Comment réduire le temps d’attente des candidats : surbookez ! Toutes les enquêtes montrent que Parcoursup est perçu comme un stress par les élèves et par leurs parents. Pourtant le temps d’attente d’un candidat pour recevoir la proposition qu’il acceptera finalement baisse chaque année :
- en 2021, les deux tiers des candidats admis attendaient moins de 14 jours pour recevoir la proposition qu’ils accepteront finalement. En 2025, c’est le cas des trois quarts des candidats.
- en 2021, 12 % des candidats admis attendaient plus de 45 jours pour recevoir la proposition qu’ils accepteront finalement. En 2025, c’est le cas de 8 % des candidats.
Pour parvenir à ce résultat le MESRE développé des outils permettant aux formations de calibrer leur appel de façon plus optimale : le « surbooking » et « l’appel par bloc ».
Toutes les formations ont en effet le droit de faire du « surbooking » avec un plafond de 20%. Une formation qui a en 100 places peut donc en appeler 120 candidats plutôt que 100 et continuera au fur et à mesure à appeler 20 % de candidats en plus des places disponibles. Si la formation le souhaite, elle peut même demander l’autorisation de pratiquer un surbooking à 50 % ; dans ce cas, elle appellera 150 candidats dès le premier jour.
Pour les formations qui ne sont pas attractives et qui ne remplissent pas depuis plusieurs années, un « appel par bloc » est recommandé. Dans ce cas, il ne s’agit pas d’un pourcentage mais d’un nombre de candidats. La formation appellera par exemple 500 ou 600 candidats dès le premier jour. Dans des cas limités, elle peut même être autorisée à appeler tous les candidats dès le premier jour, même si le nombre de candidats est supérieur à la capacité. En 2025, pour accélérer l’appel et améliorer la qualité du recrutement en licences, un appel par bloc a été mis en place par défaut dans l’appel de certaines licences non sélectives.
Afin d’accélérer encore la procédure, les candidats hiérarchisent depuis 2024 leurs vœux en attente quelques jours après les premières réponses des formations.

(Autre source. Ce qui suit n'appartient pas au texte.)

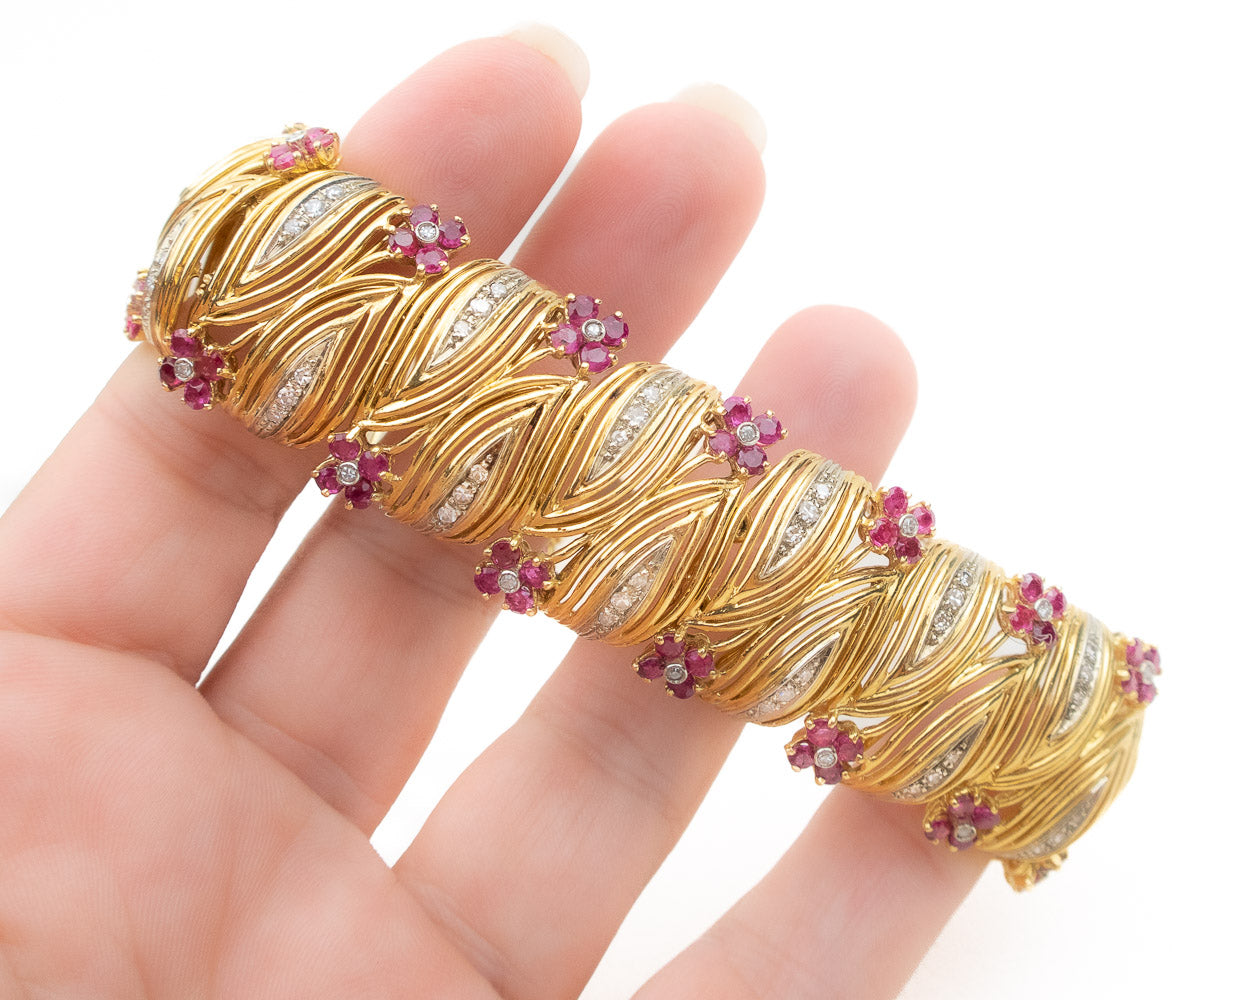 Burma No Heat Ruby Gold Bracelet with Early Victorian-Style Clasp

Avec ce système les candidats qui reçoivent par exemple une proposition pour leur choix no 2, voient leurs vœux en attente classés à partir du n° 3 disparaître immédiatement.

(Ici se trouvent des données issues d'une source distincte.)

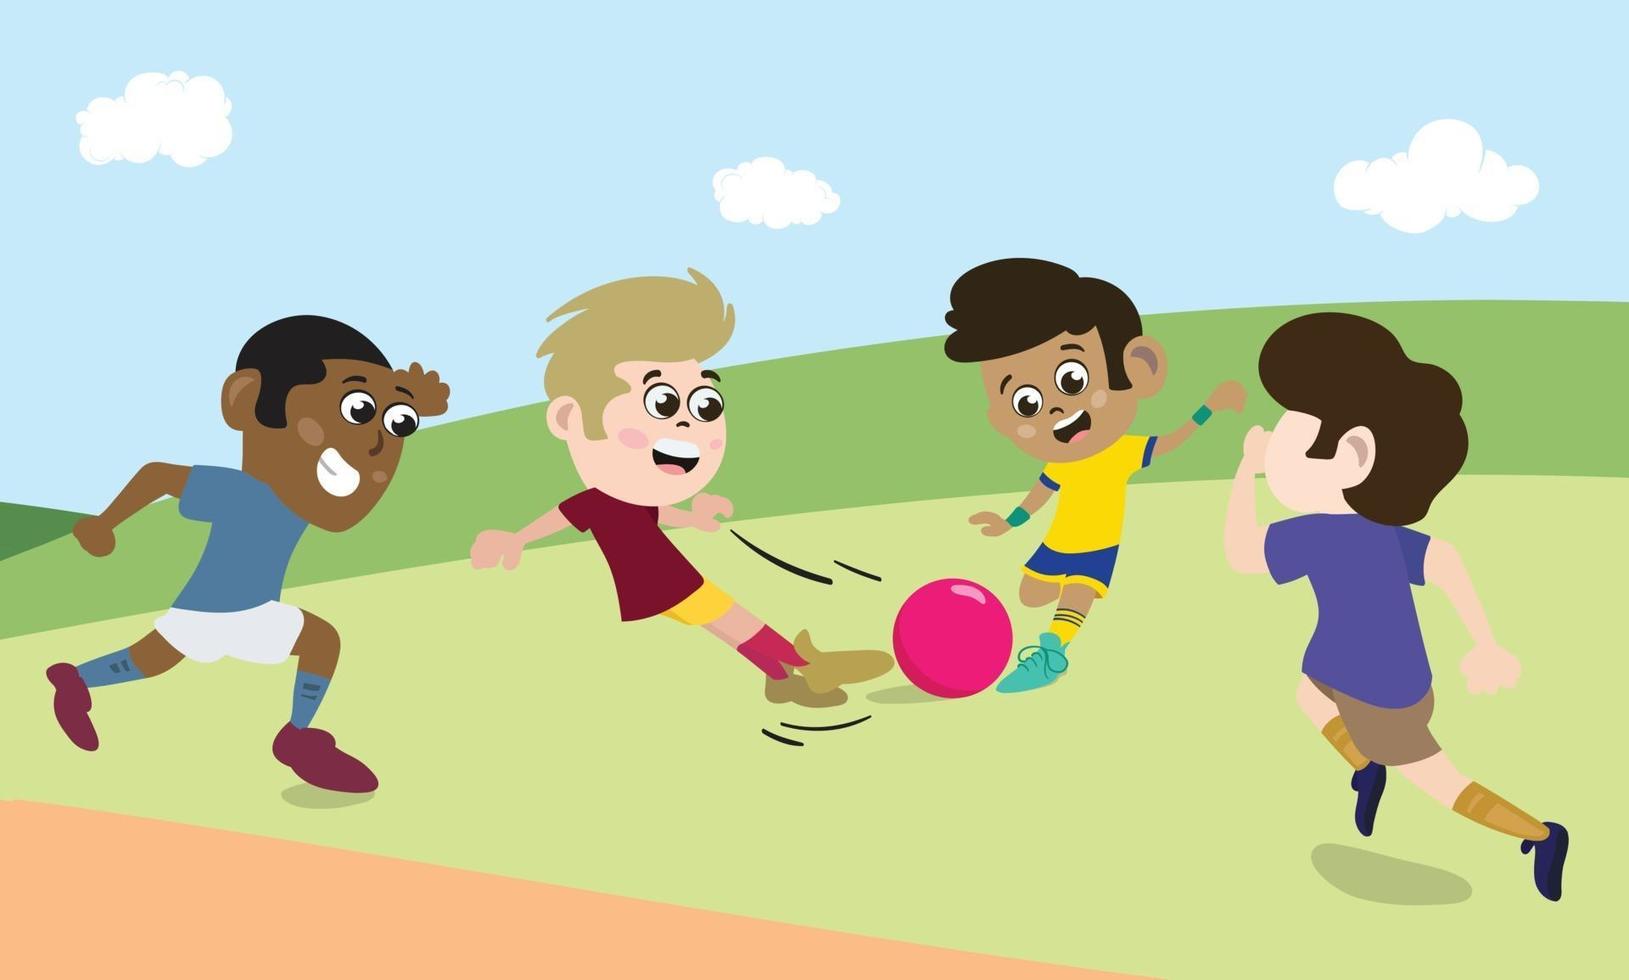 Mixed Race boys playing soccer or football in playground vector

Selon le rapport du comité la « prise de conscience par les responsables de formation de l’importance d’un appel bien calibré sur les résultats de la procédure (temps d’attente et nombre de propositions final) progresse mais il faut absolument que toutes les formations s’en emparent ». En 2025: une part certaine des responsables de formation ne se sont en effet plus préoccupés du « surbooking » après le 10 juin. Il existe même des formations attractives qui ne remplissent pas parce qu’elles ne pratiquent aucun surbooking.
Mais attention : le calibrage de l’appel est d’autant plus délicat que la capacité d’accueil est petite. En effet, pour certaines formations techniques et professionnelles, les locaux sont contraints (ateliers par exemple) et cette capacité ne peut pas être dépassée même d’un admis.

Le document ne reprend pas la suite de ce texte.